1. The problem statement, all variables and given/known data

A 0.20 kg ball attached to a vertical spring (k = 28 N/M) is released from rest from the unstretched equilibrium position of the spring. Determine how far the ball falls, under negligible air resitance, before being brought to a momentary stop by the spring.

So,

m = 0.20 kg

k = 28 N/M

x = ?

2. Relevant equations

Fspring = kx

Fg = mg

EE = 1/2 kx^2

EG = mg (delta h)

3. The attempt at a solution

My friend and I both attempted to solve this problem. We used different methods and obtained different answers, but neither of us know which answer is right and why the other is wrong.
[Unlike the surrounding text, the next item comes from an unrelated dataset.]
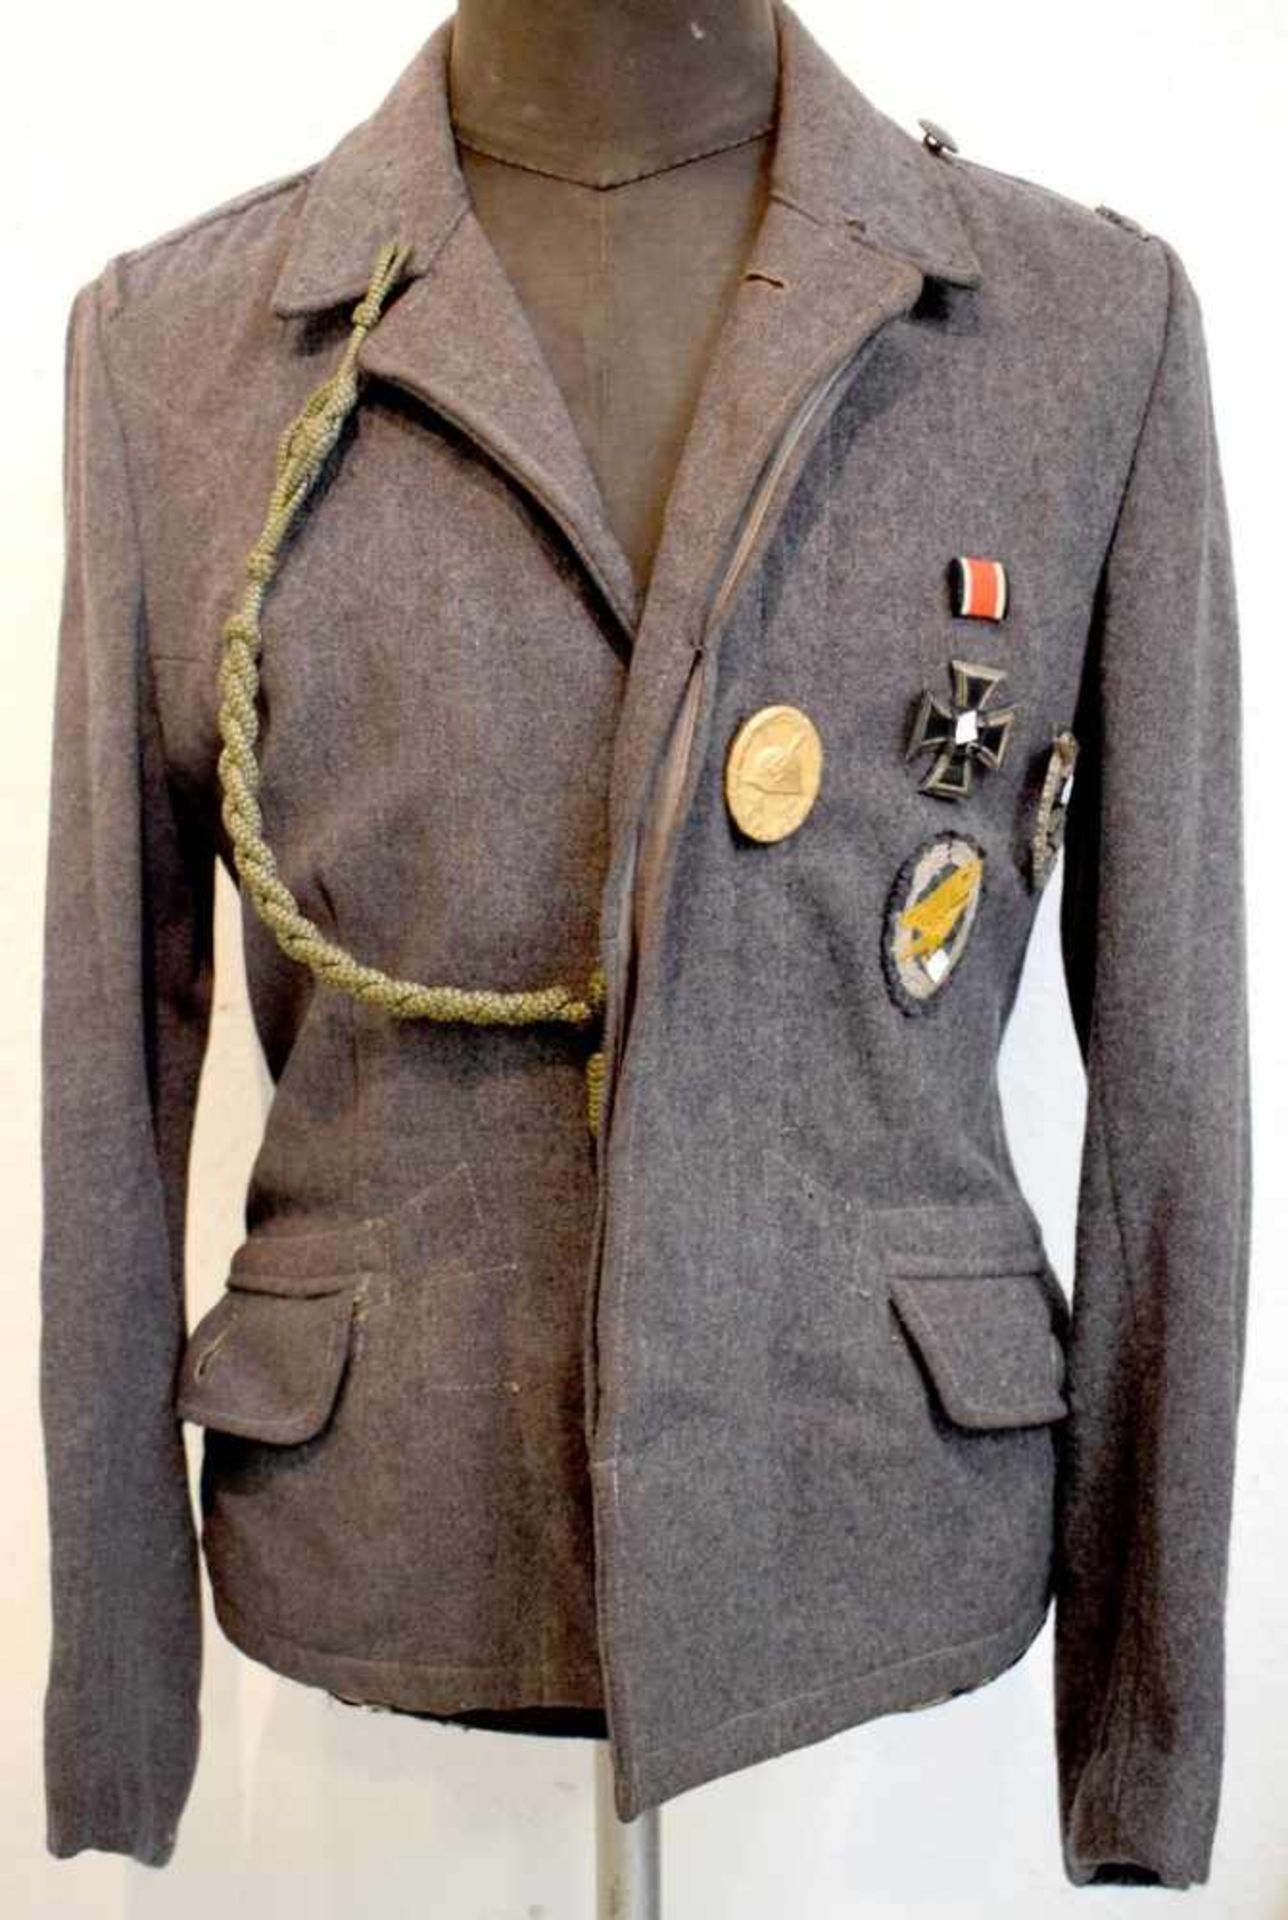 Uniformjacke mit Ordengraue Uniformjacke, mit drei Orden und einem Aufnäher, Luftwaffe, um 1930/40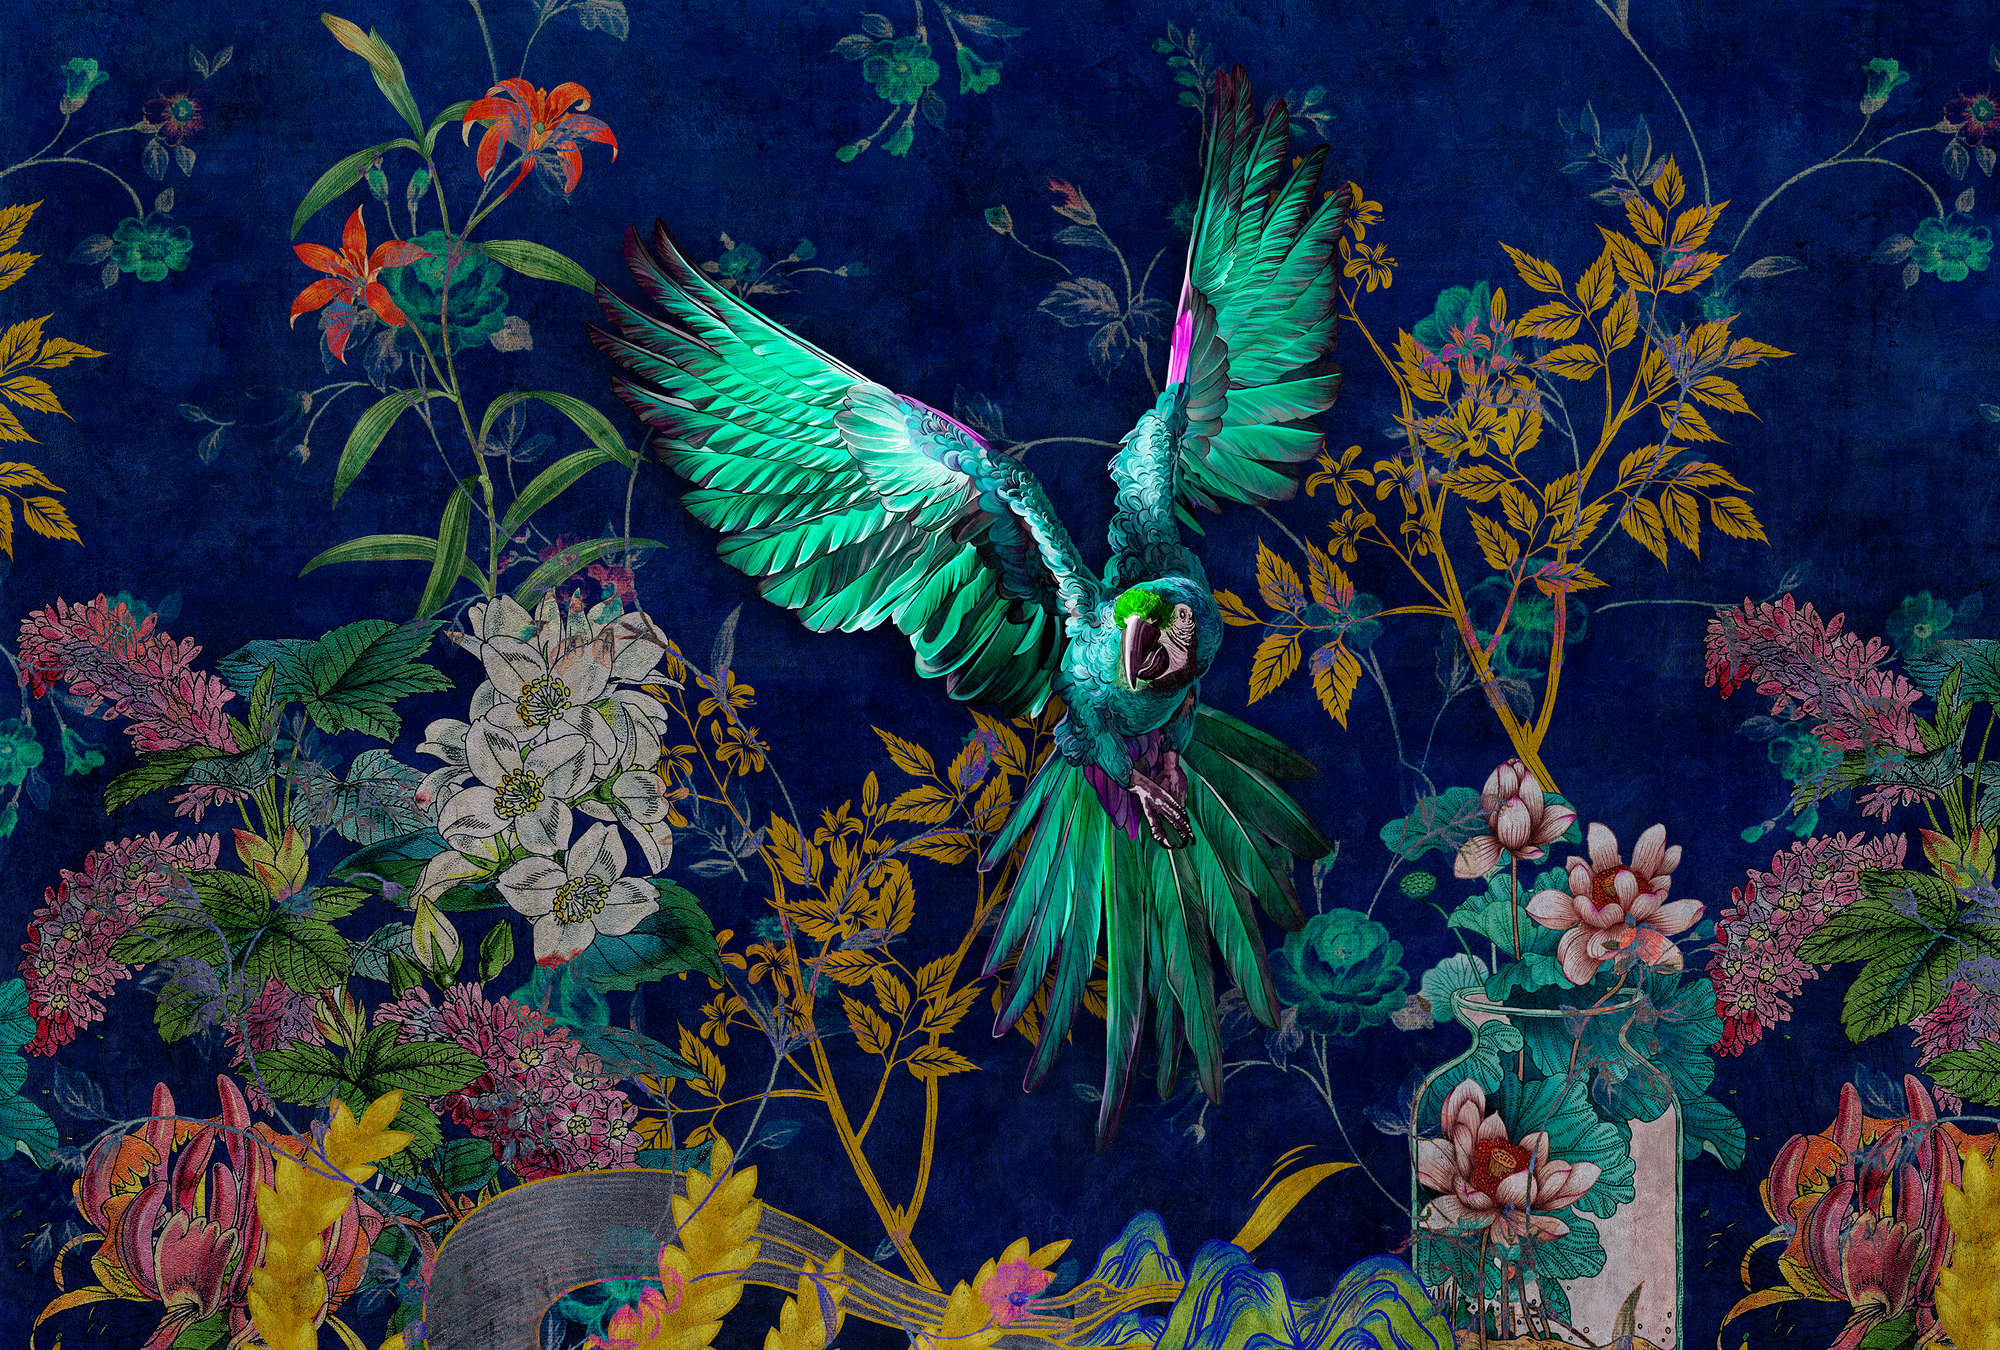             Tropical Hero 1 - papier peint fleurs & perroquet couleurs intenses

Here is the 1st way we did it:

When the ball is brought to a momentary stop, Fnet = 0, so

Fg = Fspring

mg = kx

x = mg/k

And here is the 2nd way:

Since energy is conserved,

Ebefore = Eafter

EG lost = EE gained

mg(delta h) = 1/2 kx^2

delta h = x (since the ball falls the same distance that the spring stretches), therefore

mgx = 1/2 kx^2

x = 2mg/k

But this is twice as large as the solution obtained using the first method. Am I overlooking something in one of the methods? Which method is correct?

Again, thanks in advance!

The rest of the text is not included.